**Problem description:**
Starting at the line that contains "Pumpkin seeds can be roasted" and stopping at the line that contains "As you think, so shall you become.", transcribe every line of the material below exactly; pictures stay out.

**Dataset:**
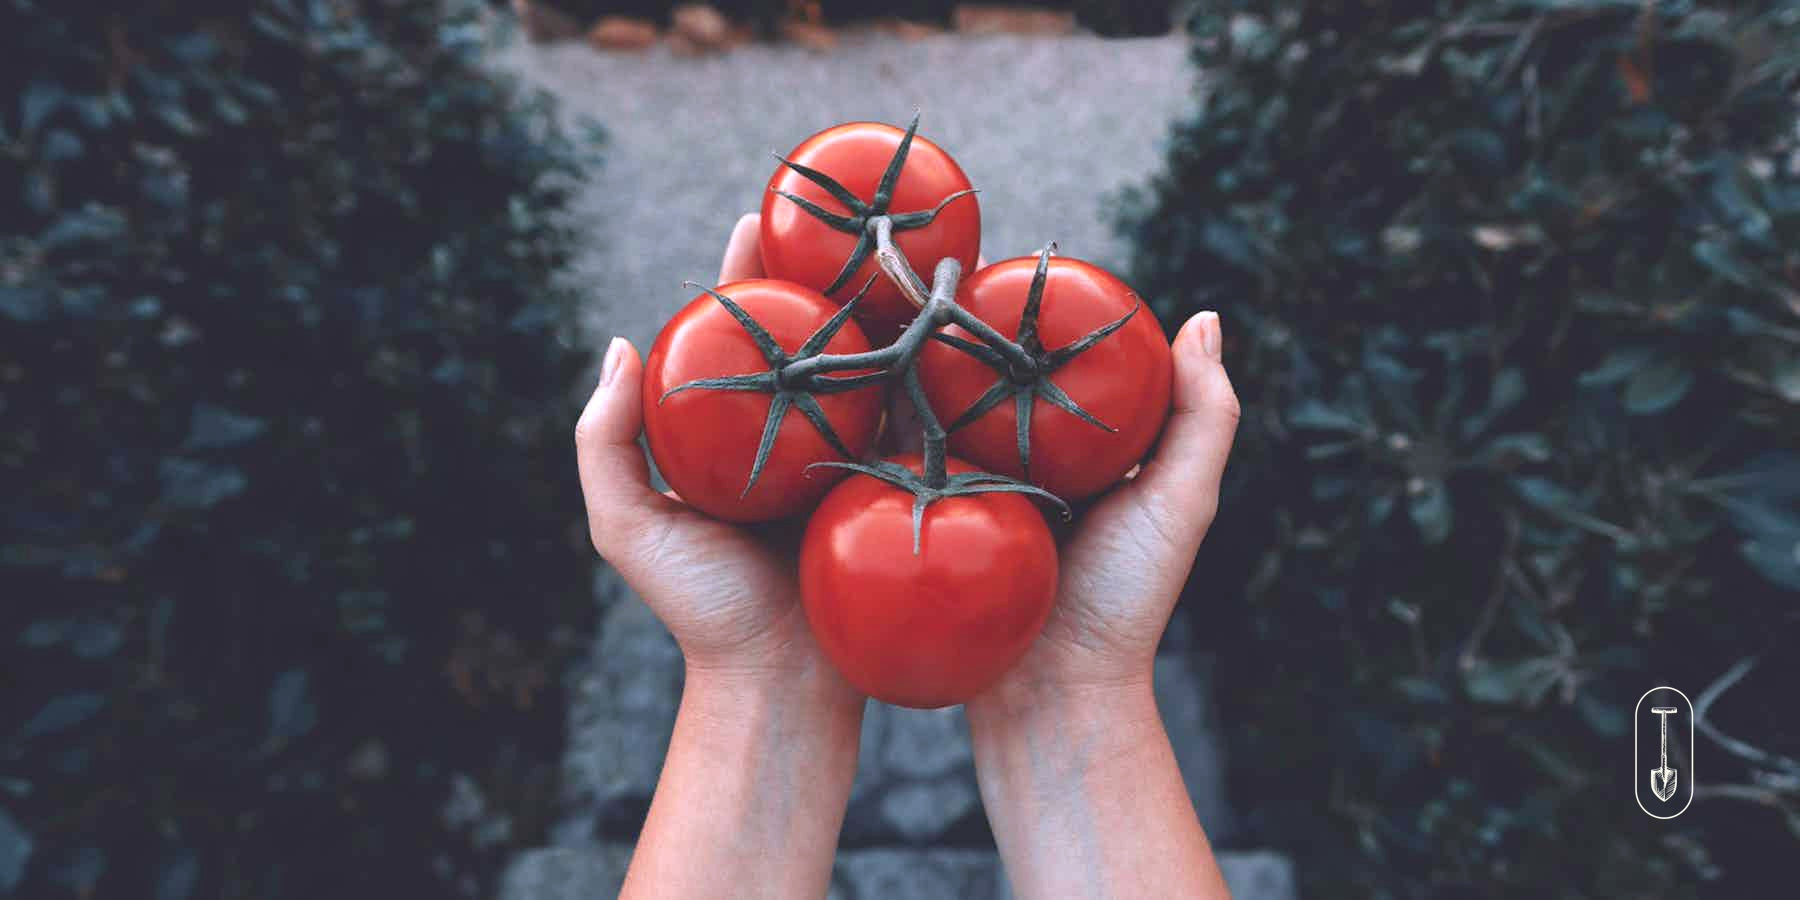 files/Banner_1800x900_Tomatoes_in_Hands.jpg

--

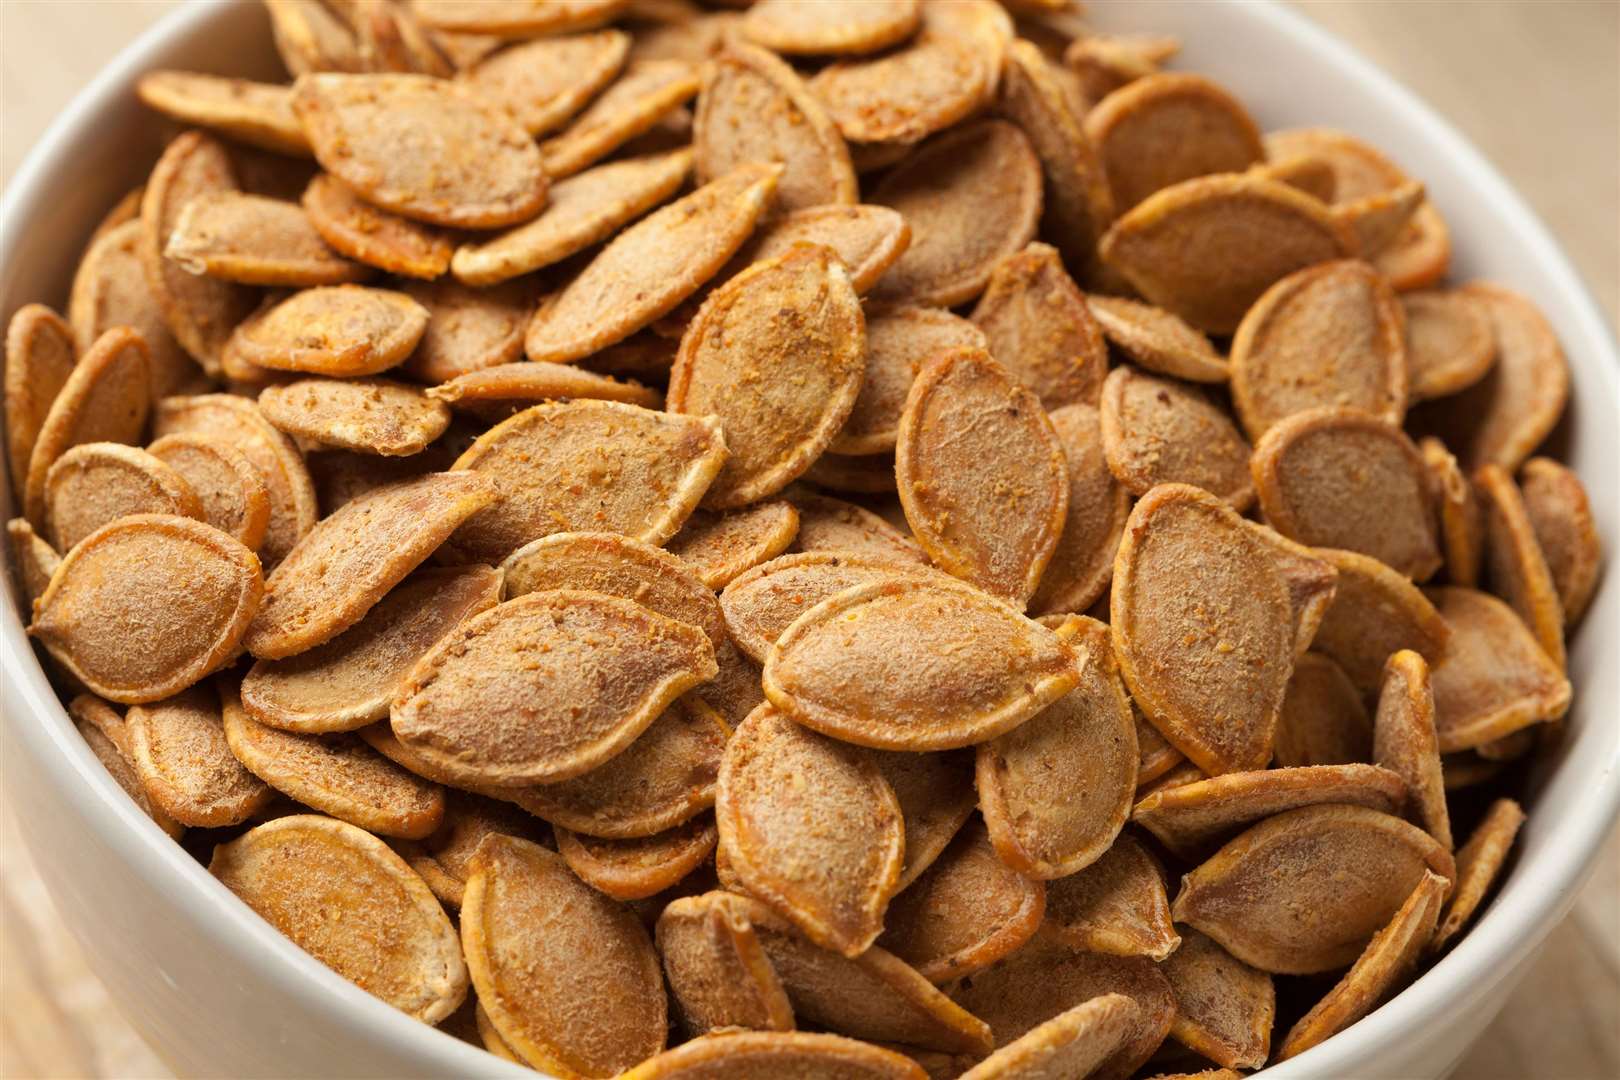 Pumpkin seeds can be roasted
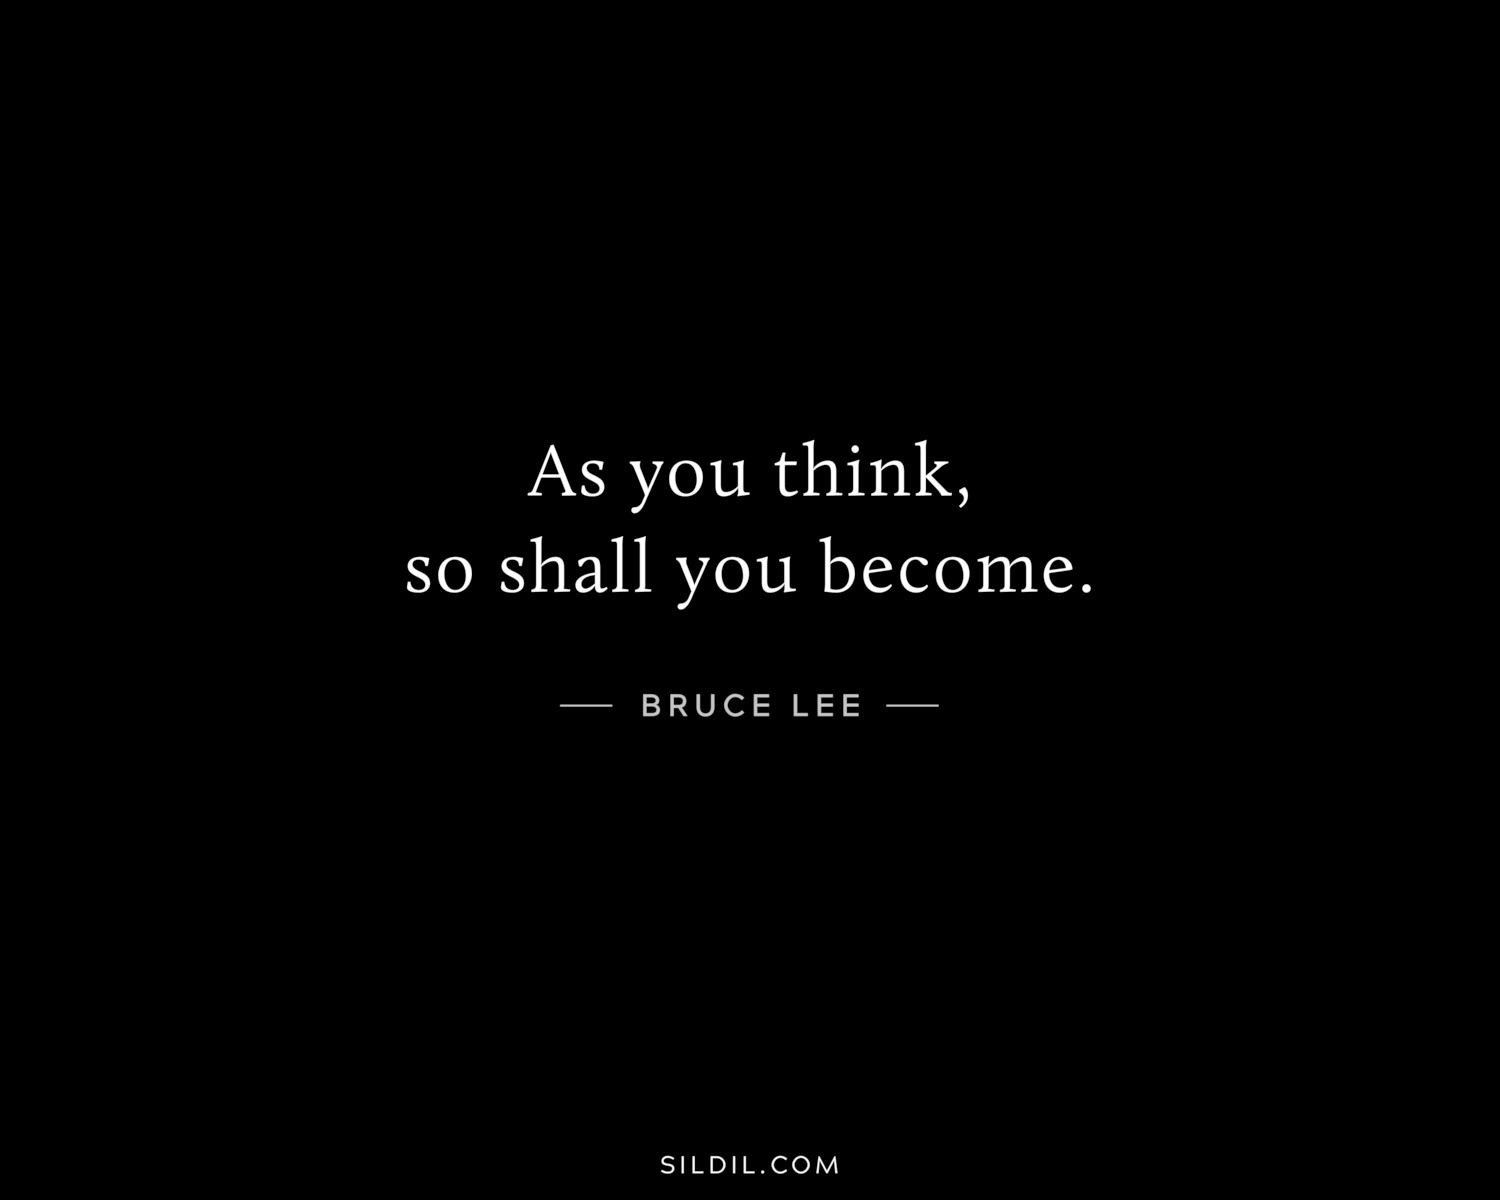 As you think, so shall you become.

**Answer to this task:**
 Pumpkin seeds can be roasted
 As you think, so shall you become.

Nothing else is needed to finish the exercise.